Никита Васильевич, шагая рядом со Степаном Ивановичем, предложил тут же выяснить причину, и они направились к комбайну.

Их окликнул Дмитрий Лазаревич.

— К Христофору, — не оглядываясь, ответил Не-чипуренко. — Беспокоит нас, как бы у него той, хведор не поломался.

— Хедер, — ухмыльнулся Дмитрий Лазаревич.

— Я и говорю… хведор;

— Хедер, а не хведор! — кричит ему на ухо Никита Васильевич. — Эк и непонятливый ты стал, Степан!

— Ишь, какой ученый объявился! — не унимался Степан Иванович, поднимая густые клочковатые брови. — Известно же, хведор!

Дмитрий Лазаревич взял их под руку и повел целиной к комбайну.

— Смотрите не ругайтесь, а то на самом деле тот «хведор» обломается.

— Ты, председатель, зубы не заговаривай, а лучше объясни, отчего это машина от напряжения дрожит, — разозлился Степан Иванович.

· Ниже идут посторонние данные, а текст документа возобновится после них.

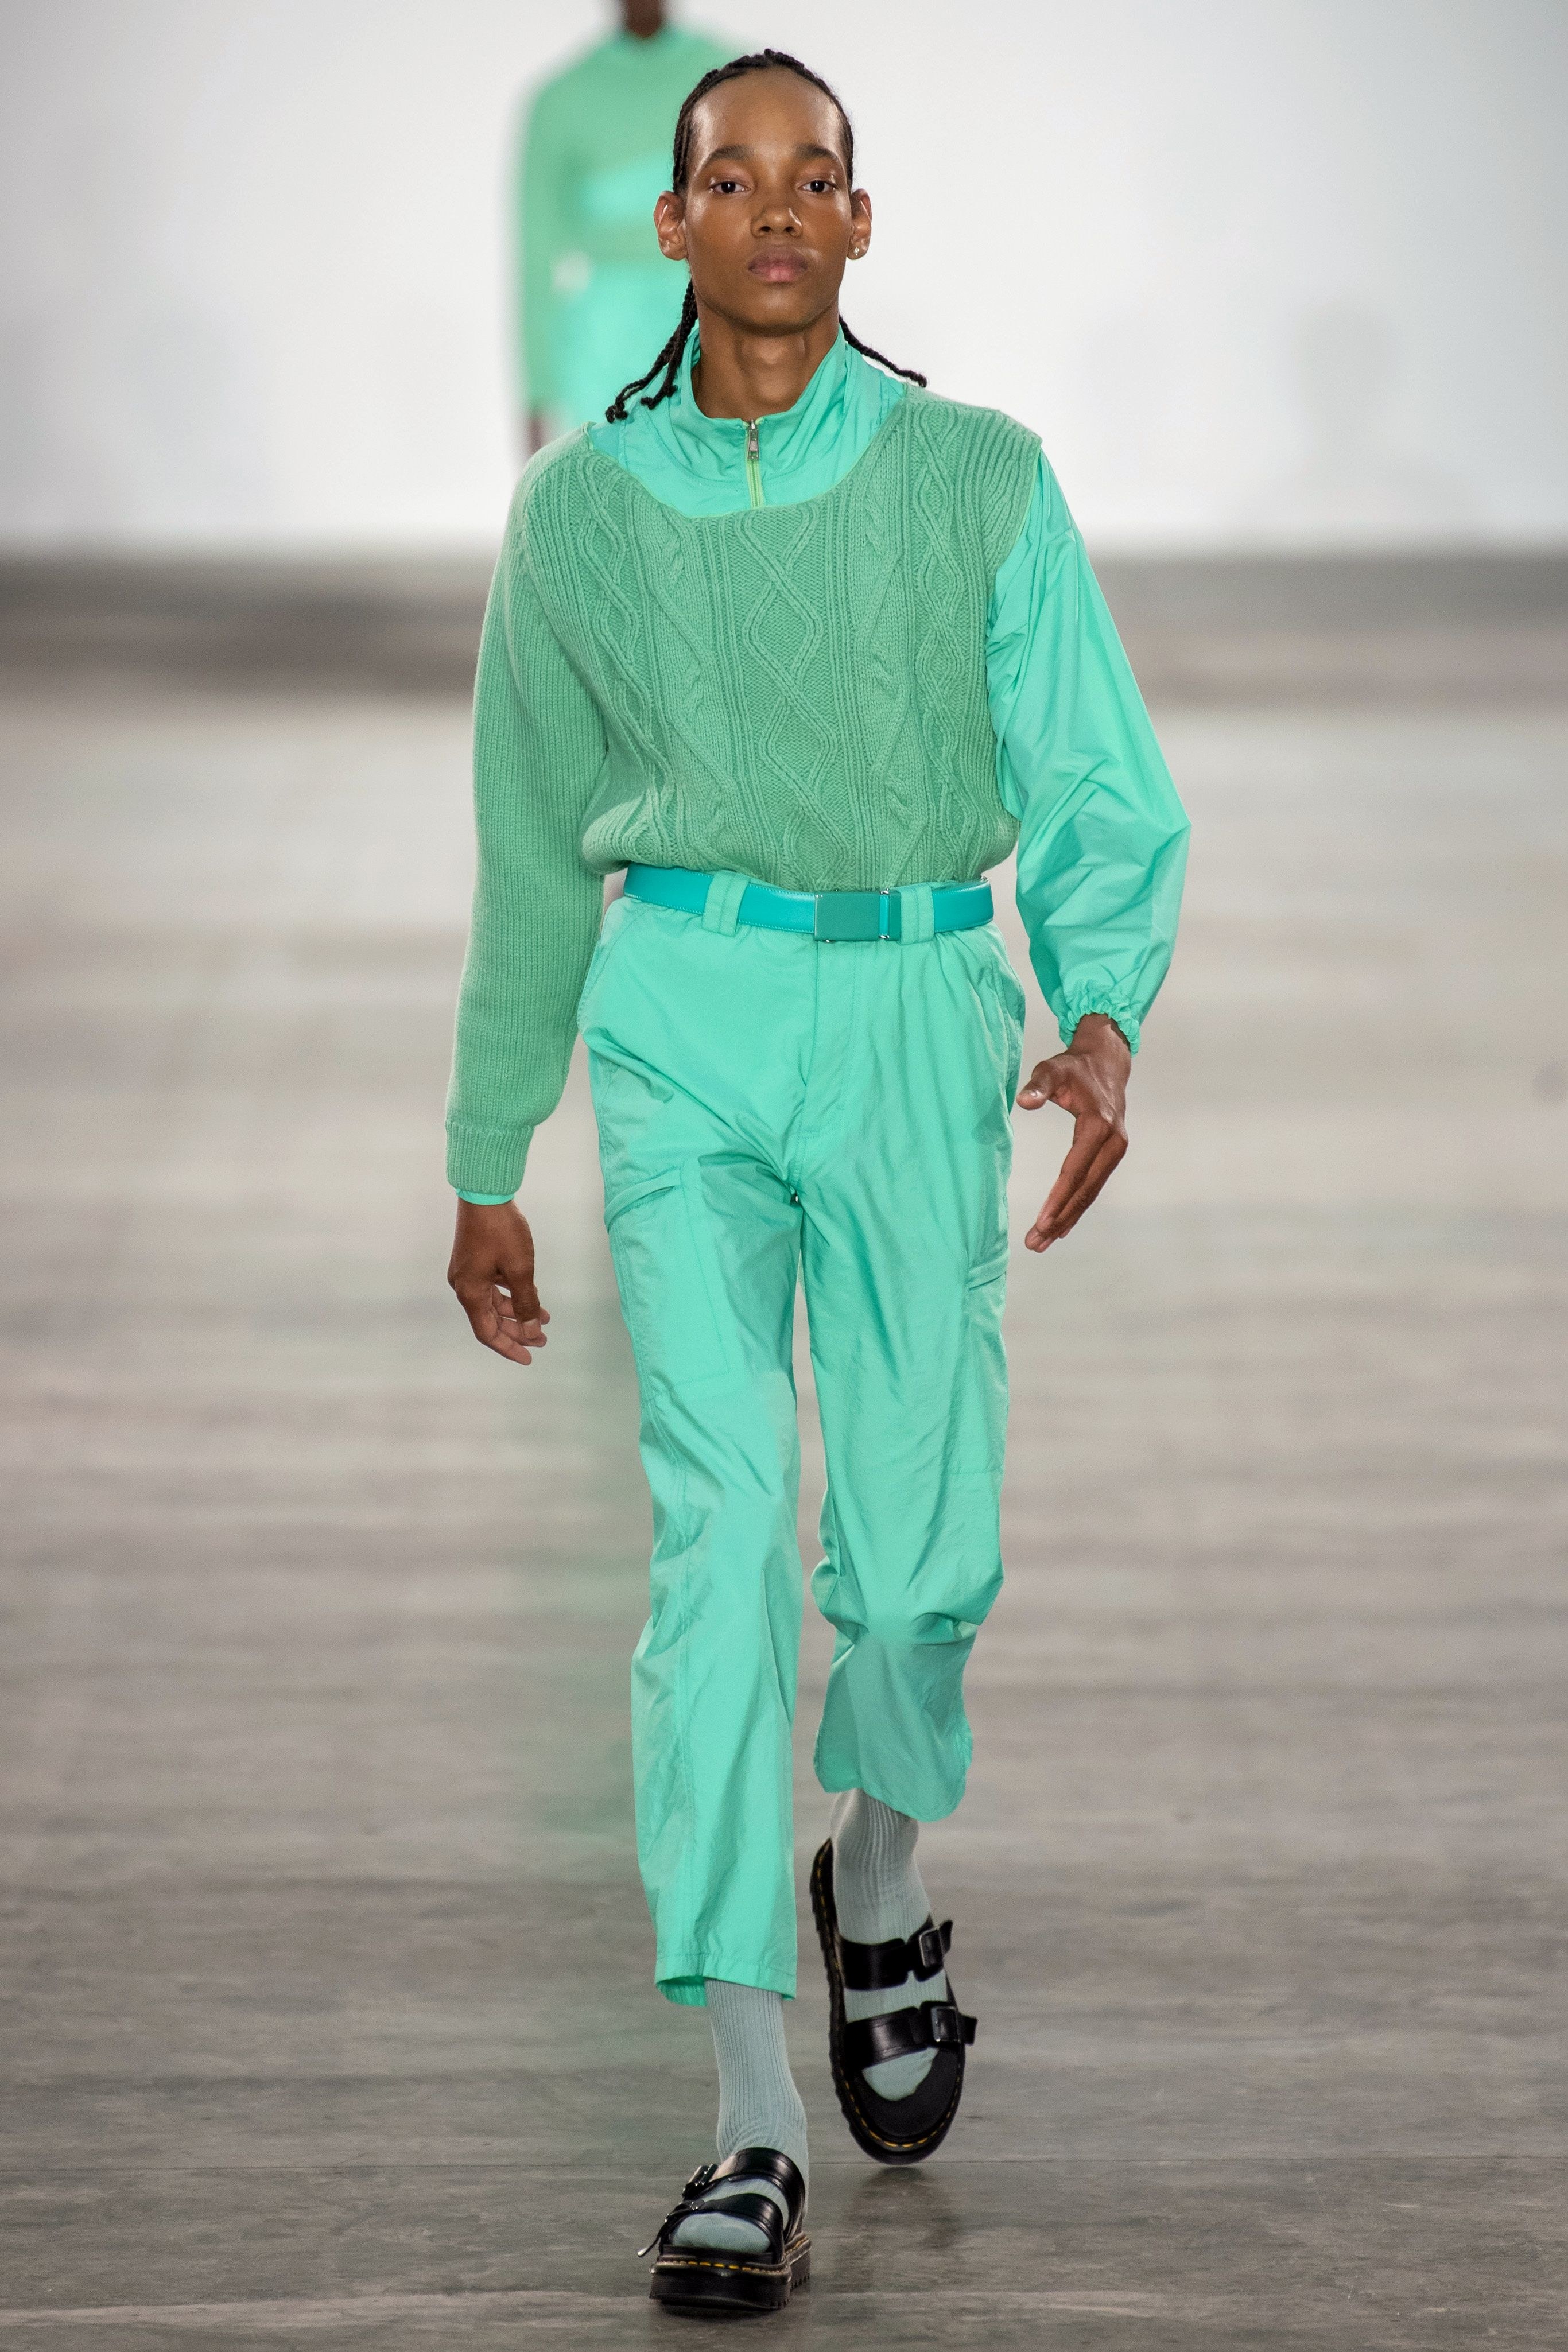 Is Men’s Fashion Finally Getting Interesting? – The Young Eclectic

— Вот и докладываю, — с прежней игрой в голосе ответил Дмитрий Лазаревич, — яровые дадут на круг по восемьдесят пудов, не меньше, зерна кукурузы возьмем по двадцать пять центнеров, а в зеленой массе по четыреста..

— А что ты сам думаешь, не маловато ли? — для полного уяснения спросил Степан Иванович.

— Нет, но, может, и в самом деле маловато, дорогой Степан Иванович, — и он задумался. — Вот, например, на массиве в сто тридцать пять гектаров, где трактористы подняли черные пары, мы получаем вкруговую по сто девяносто три пуда. Ведь это стариннейшее мое намеренье с Пашей: взять по двести пудов на каждом гектаре.

Тут Никита Васильевич вцепился и стал допрашивать председателя, почему им не удается взять по двести пудов со всей площади.

— Я сразу и не отвечу, Никита Васильевич, тут много причин, и все сложного порядка.

Степан Васильевич тоже был неумолим.

— Так… следовательно, опять сложности? Значит, до двухсот не дотянуть? — громко кричал он, как бы приглашая и бригадира трактористов Пашу, и комбайнера Челпанова, и тракториста Дмитриева к широкому обсуждению этого жизненно важного вопроса. — Может, Антон доверит нам свои мысли?

— Я имел время подумать, — сказал он, — и вполне согласен, что мы можем получать со всей площади посевов по двести пудов зерна. Все необходимое для этого имеется, ни в чем недостатка нету. Люди, машины, удобрения… Только, честно сказать, тесновато стало в «Запорожце» для нашего разгона.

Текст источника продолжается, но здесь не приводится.